# How reliable are Tetra Whisper Heaters?



## fishbone

I've got a couple of Tetra Whisper Heaters, same model, 50w rated for 2 and up to 15 galons. Had them for about 4 months now, they keep my tanks at a nice and constant 78*F.
Hit the internet for some reviews but haven't found much. Are these reliable heaters or should I start looking elsewhere? I'd hate to wake up one morning and find my fish boiled.


----------



## TheOldSalt

They're pretty good, actually. Not top of the line, or anything, but very reliable.


----------



## Kyoberr

What he said


----------



## goodie

I don't know if i just had a bad run with them or what, but I had 3 not last a year. They didn't over heat, they just would slowly lose the ability to heat the water. They would start out doing great then I would notice a small drop, then another. In the end I had to have them cranked all the way up just to keep it at 70. Room temp was not a factor. I wasn't trying to over work the heater in a tank larger than what it was rated at as these where 10 & 15 gal tanks. I like Whisper products, but I don't think that I would bother with the heaters.

These were the submersible heaters.


----------



## gem

I currently have a Tetra Whisper heater on my 20 gal Long tank. I'm anything BUT impressed with it. From the start is does a lousy job of regulating the temp. In addition, the plastic coating (paint) whatever it is....chips off as well.
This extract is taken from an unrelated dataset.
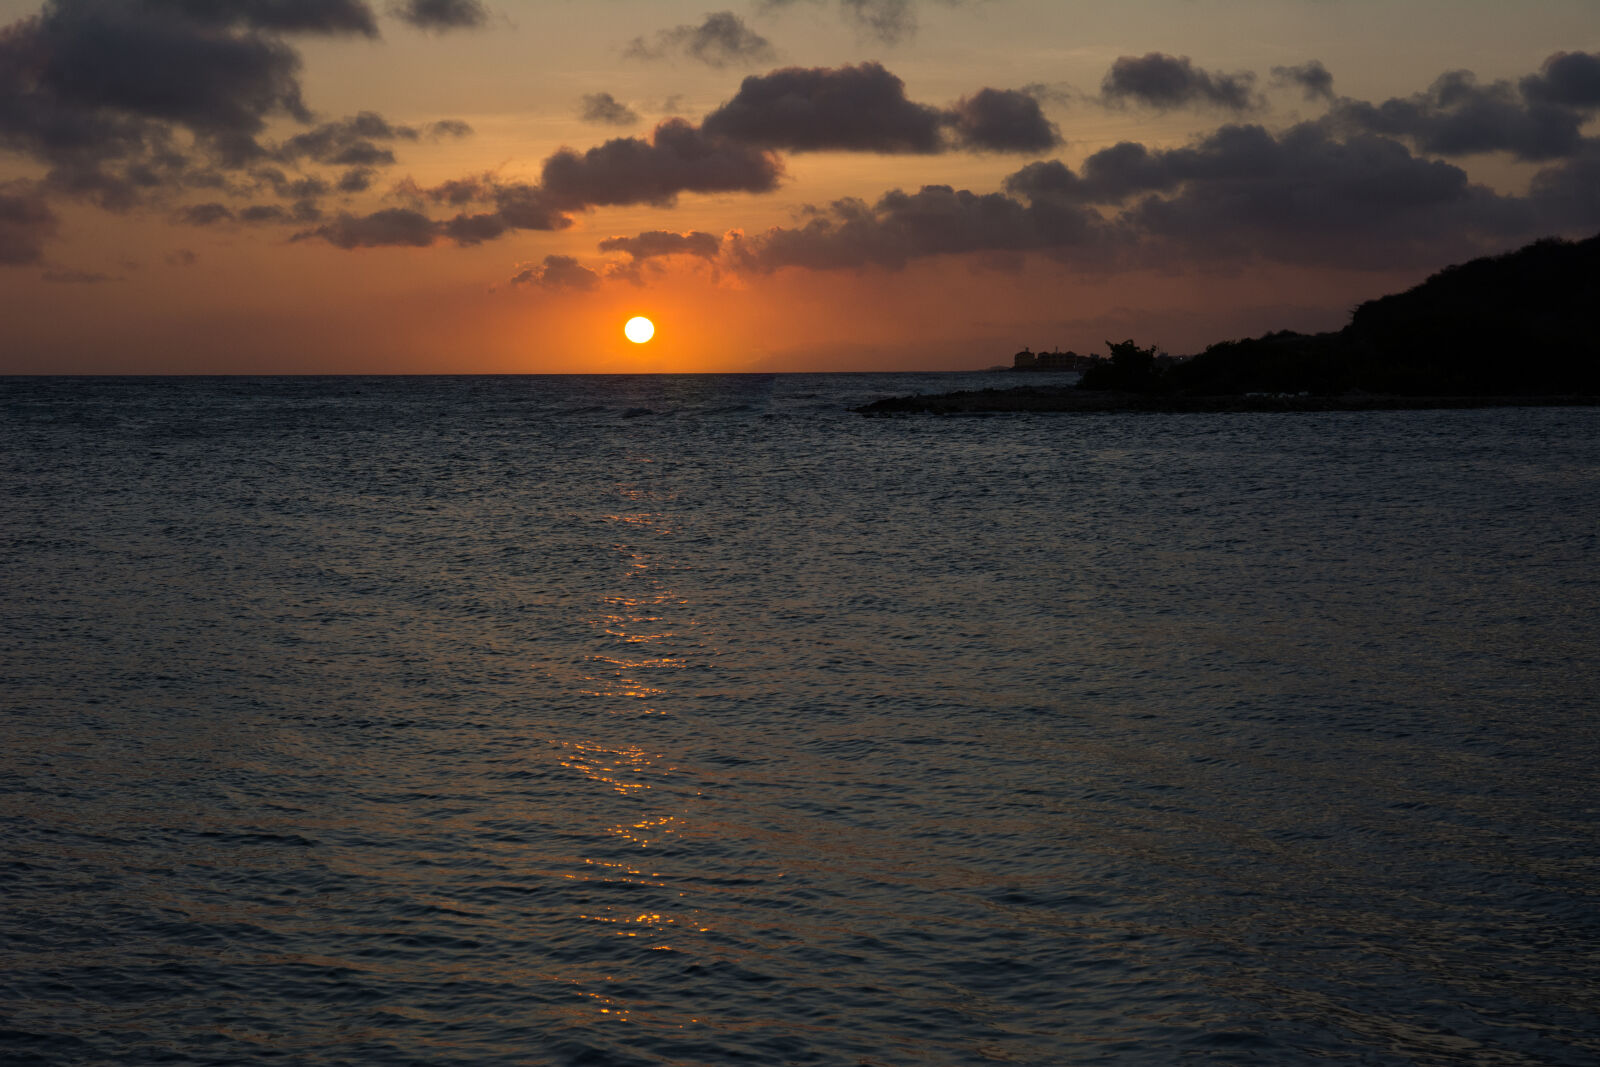 Nikon D7100 + Nikon AF-S DX Nikkor 16-85mm F3.5-5.6G ED VR sample photo. Sea, sunset, ocean, twilight photography

I will be replacing it very soon!!!


----------



## fishbone

I've got the small kind, 50W for 2-15gals that simply have a rubber covers on each end, a red led to indicate activity and they are preset for 78*F with no way to change that. So far they've worked the entire winter without a glitch but I've heard stories and got a bit afraid that they'd stick on the ON position one day. I guess it can happen to the best of them, best I can do is keep en eye on things. One is a 5.5g and the other is a 10g with 5g of water.


----------



## rollntider

I had better luck with them than Hydor brand.
The tetra heaters do flake off like stated, and they are ok.
I am upset with the Hydor, I am constantly having to adjust those things. I will have it set for 74 (as an example) and the darn thing is on and its 80 degrees, and having to cut it down. I like the visitherm brand, to me I had the best luck with them. I can set them for 78 degrees, and boom, its 78 degrees constant.


----------



## goodie

+1 on Visitherm


----------